Genç yıldızlar, sonunda disklere yassılaşan toz ve gaz kozalarının içinde doğarlar. Disklerdeki toz ve gaz, gezegenlerin oluştuğu hammaddeyi sağlar. Bilim adamları, Dünya'daki yaşamın ilkel sızmasını oluşturan moleküllerin böyle bir diskte oluşmuş olabileceğini düşünüyorlar. Adenin gibi prebiyotik moleküllerin, yüzeye düşen meteorlar aracılığıyla genç gezegenimize yağdığı düşünülmektedir.
Pascucci, “Dünyadaki yaşamın uzaydan gelen zengin bir molekül kaynağı tarafından başlatılması mantıklı,” dedi.
Bulguların yakın zamanda M-cüce yıldızlar etrafında keşfedilen gezegenler üzerinde etkileri var. Bu gezegenlerin bazılarının süper dünyalar olarak adlandırılan Dünya'nın büyük versiyonları olduğu düşünülüyor, ancak şimdiye kadar hiçbirinin suyun sıvı olacağı yaşanabilir bölgede yörüngeye girmediğine inanılıyor. Böyle bir gezegen keşfedilirse, hayatı sürdürebilir mi?
Gökbilimciler emin değil. M-cücelerin, yaşamı geliştirmede yıkıcı olabilecek aşırı manyetik patlamaları vardır. Ancak, yeni Spitzer sonuçlarıyla, dikkate alınması gereken başka bir veri parçası var: bu gezegenler, sonunda bize ait olduğu düşünülen bir molekül olan hidrojen siyanürde eksik olabilir.
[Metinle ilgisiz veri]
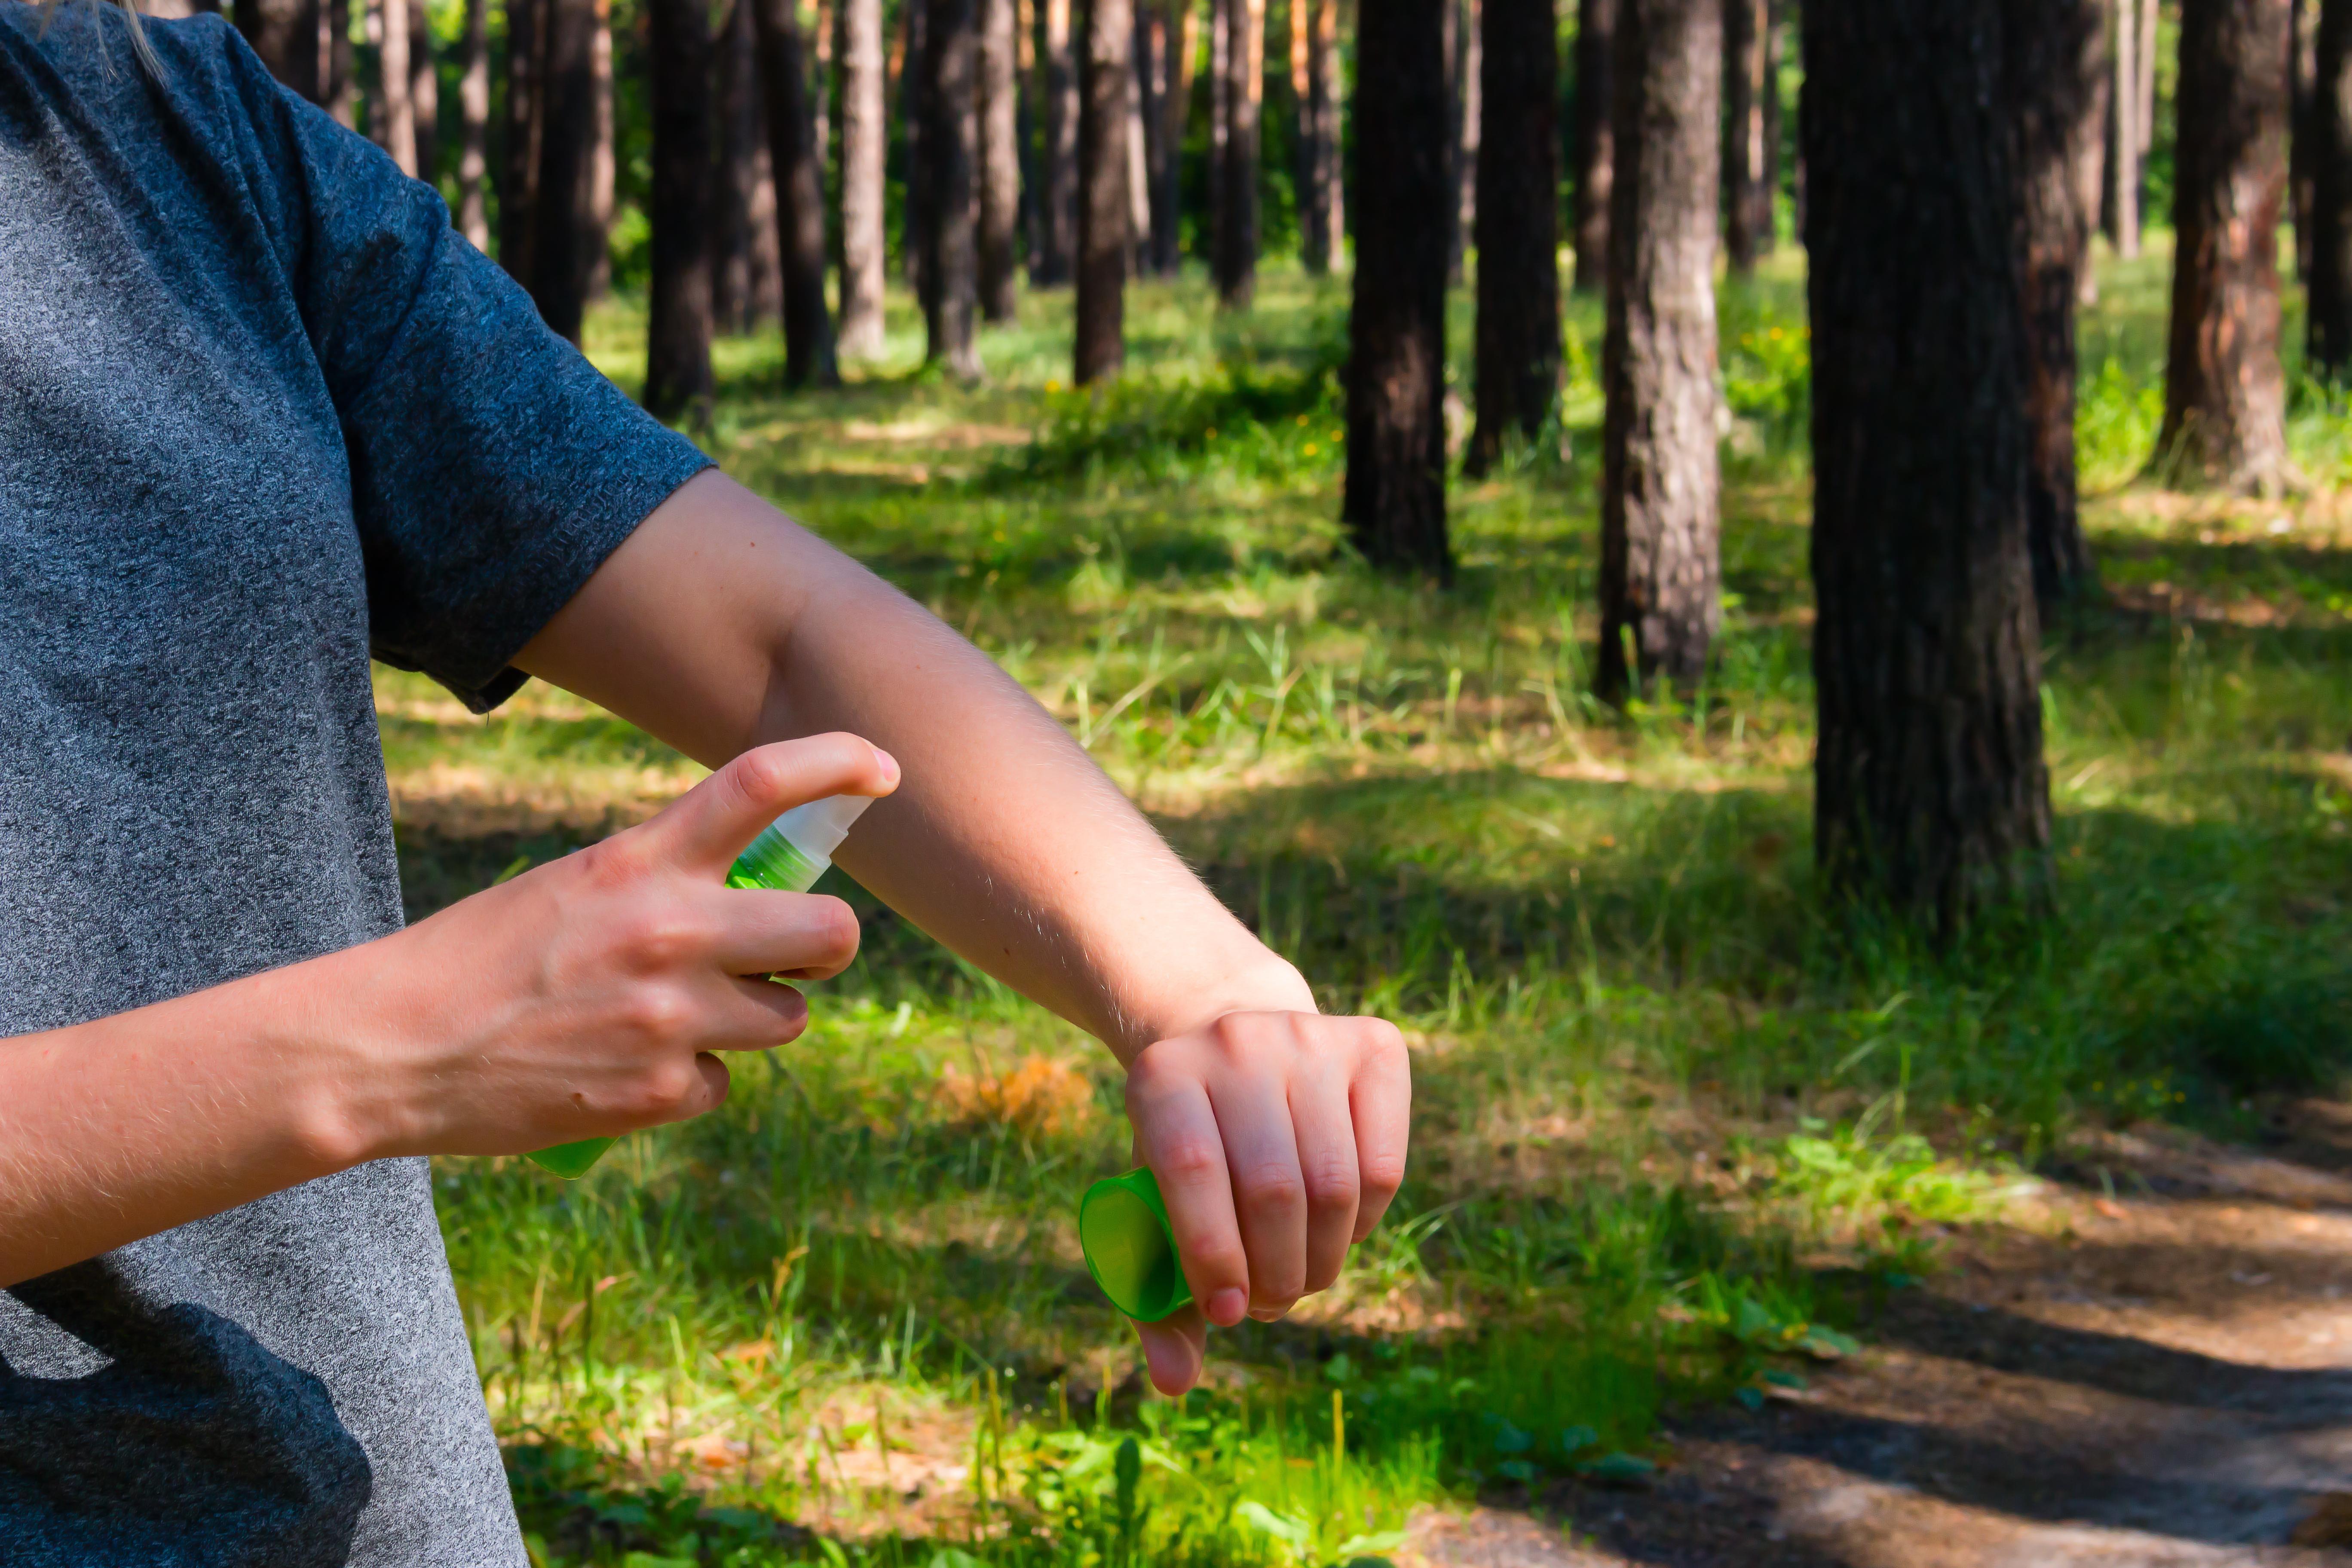 Det finns en uppsjö produkter för att hålla krypen borta och förebygga risken att bli biten.
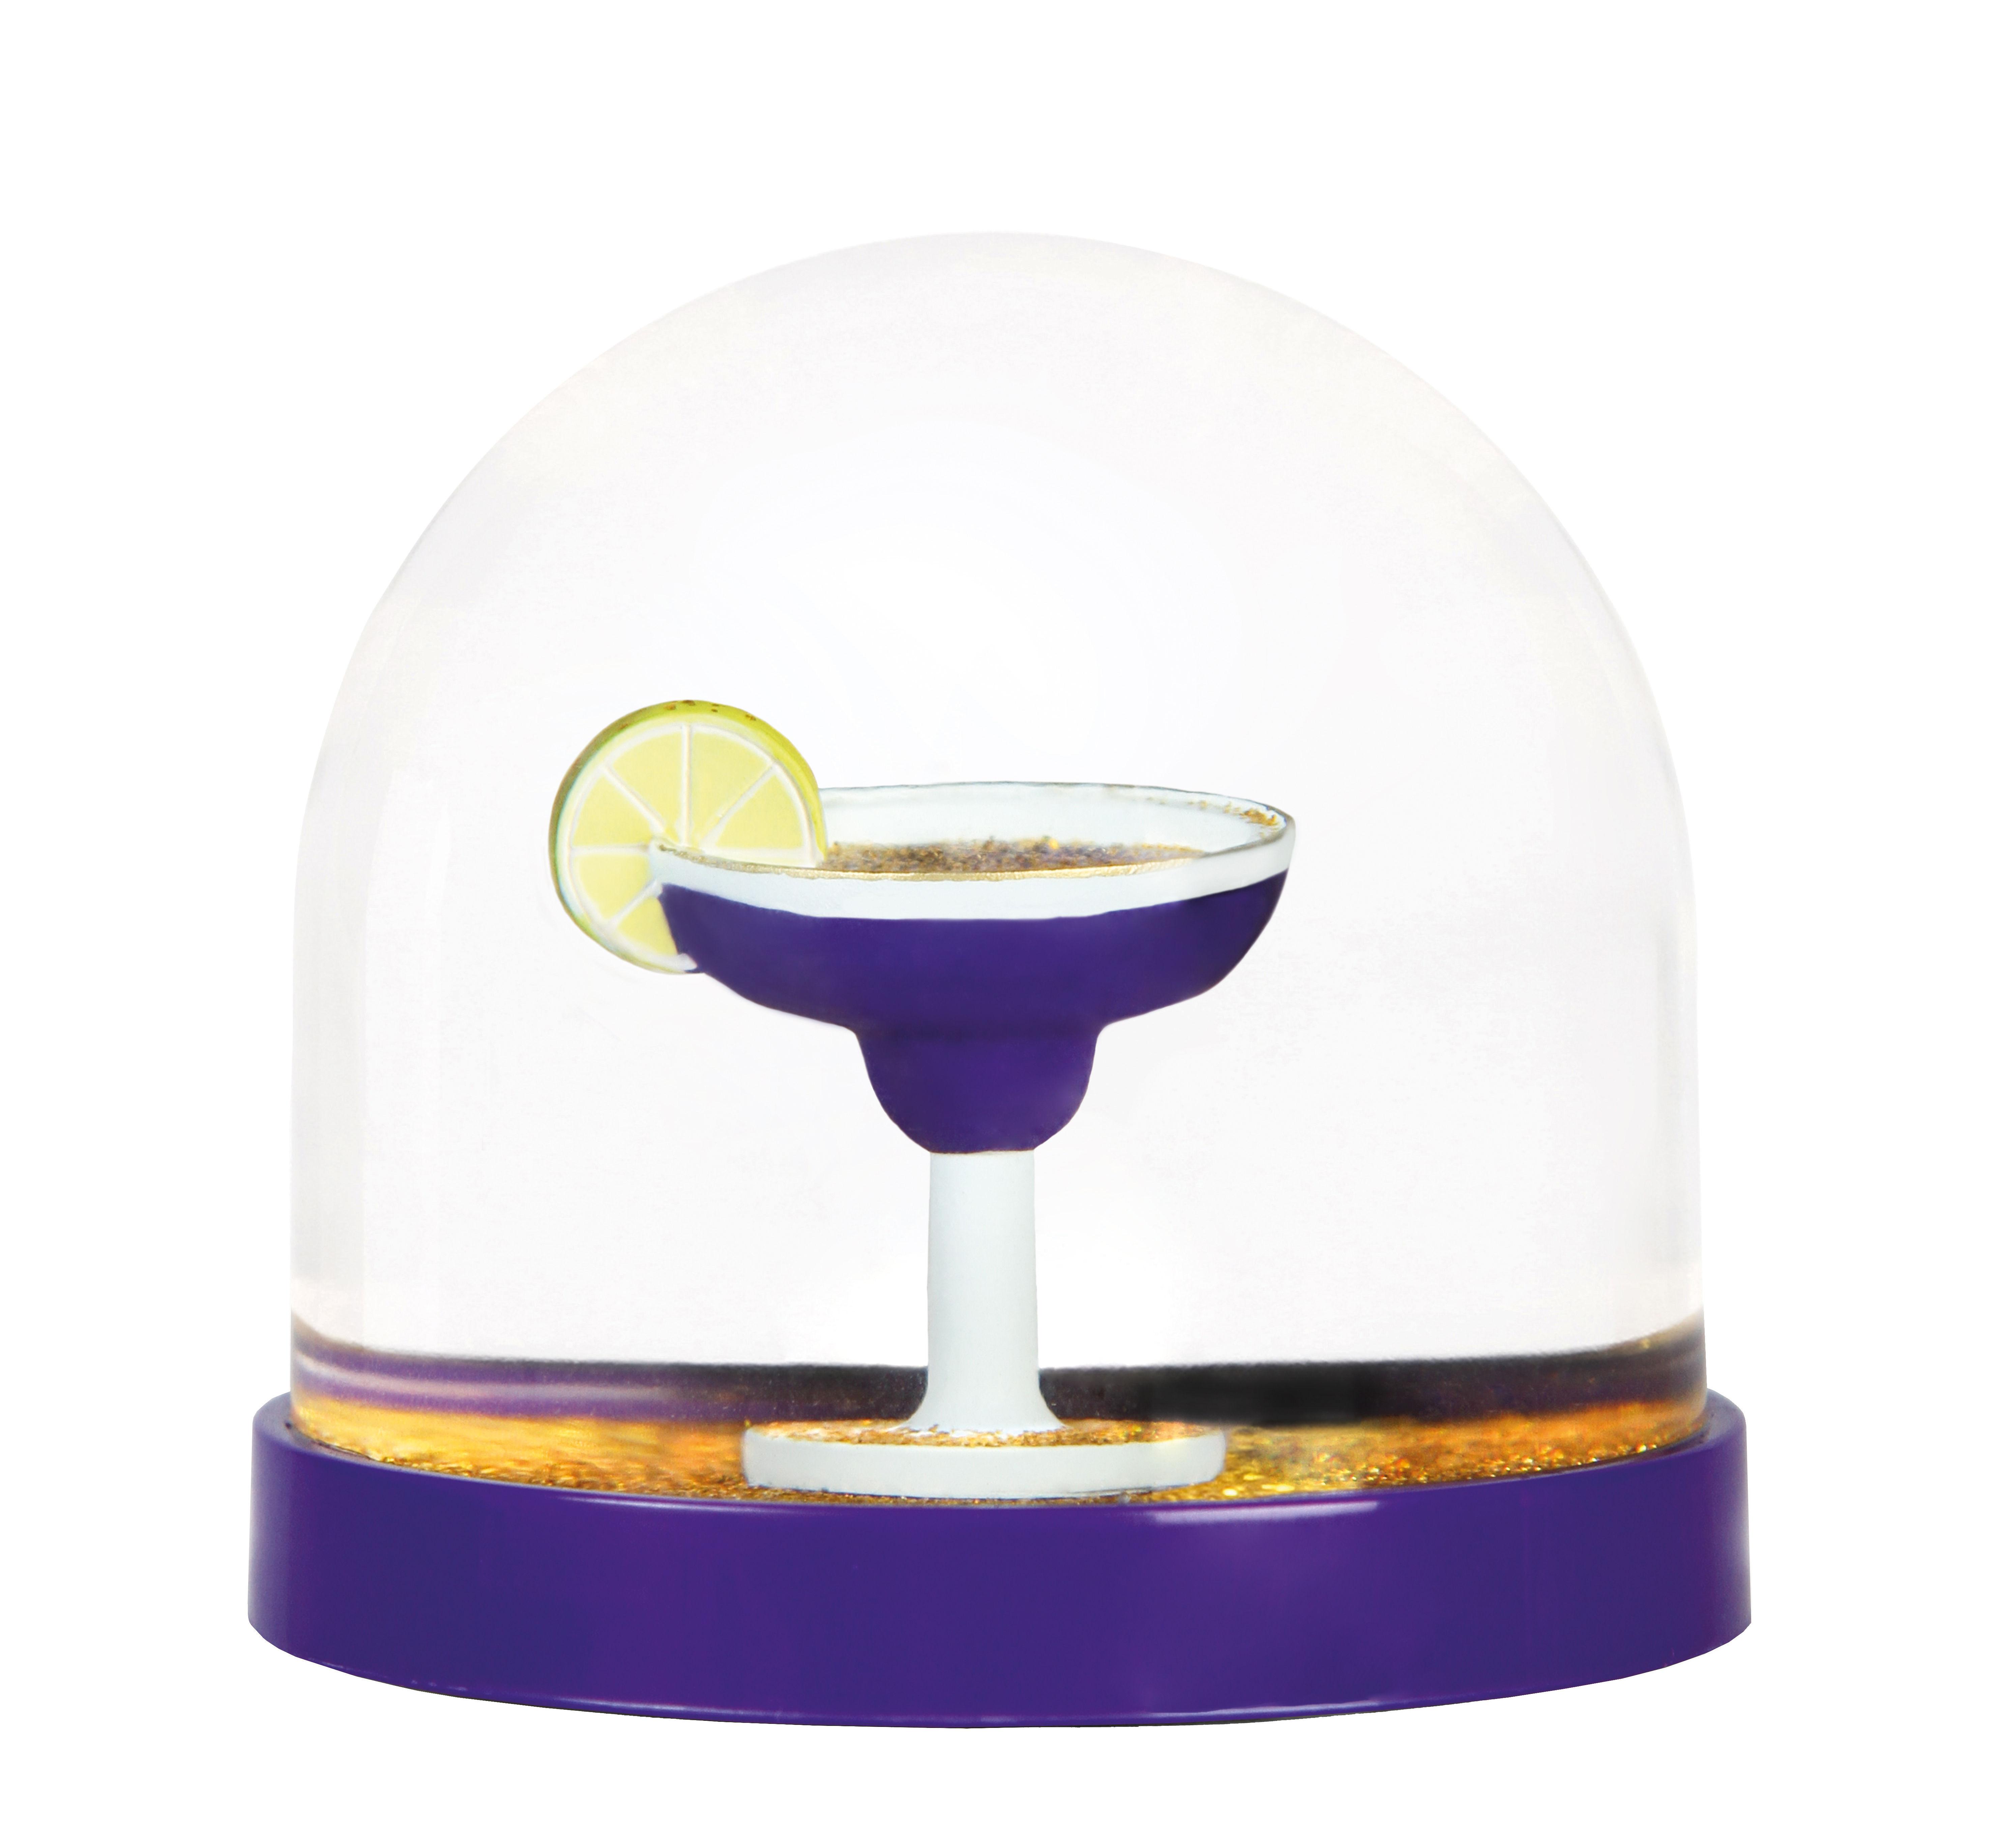 Déco - Pour les enfants - Boule à neige / Cocktail - & klevering - Cocktail - Huile minérale, Plastique

Washington, NASA Genel Merkezi'nde Spitzer programı bilim adamı Douglas Hudgins, “Bilim adamları uzun zamandır birçok serin yıldızın çalkantılı doğasının yaşamın gelişimi için önemli bir zorluk oluşturabileceğinin farkında olmasına rağmen, bu sonuç daha da temel bir soru yatıyor: serin yıldız sistemleri bile yaşamın oluşumu için gerekli bileşenleri içerir? Cevap hayırsa, serin yıldızların etrafındaki yaşamla ilgili sorular tartışmalı hale gelir. ”
Ya da hayat, bildiğimiz her şeyden daha soğuk yıldızların etrafında farklı olabilir mi?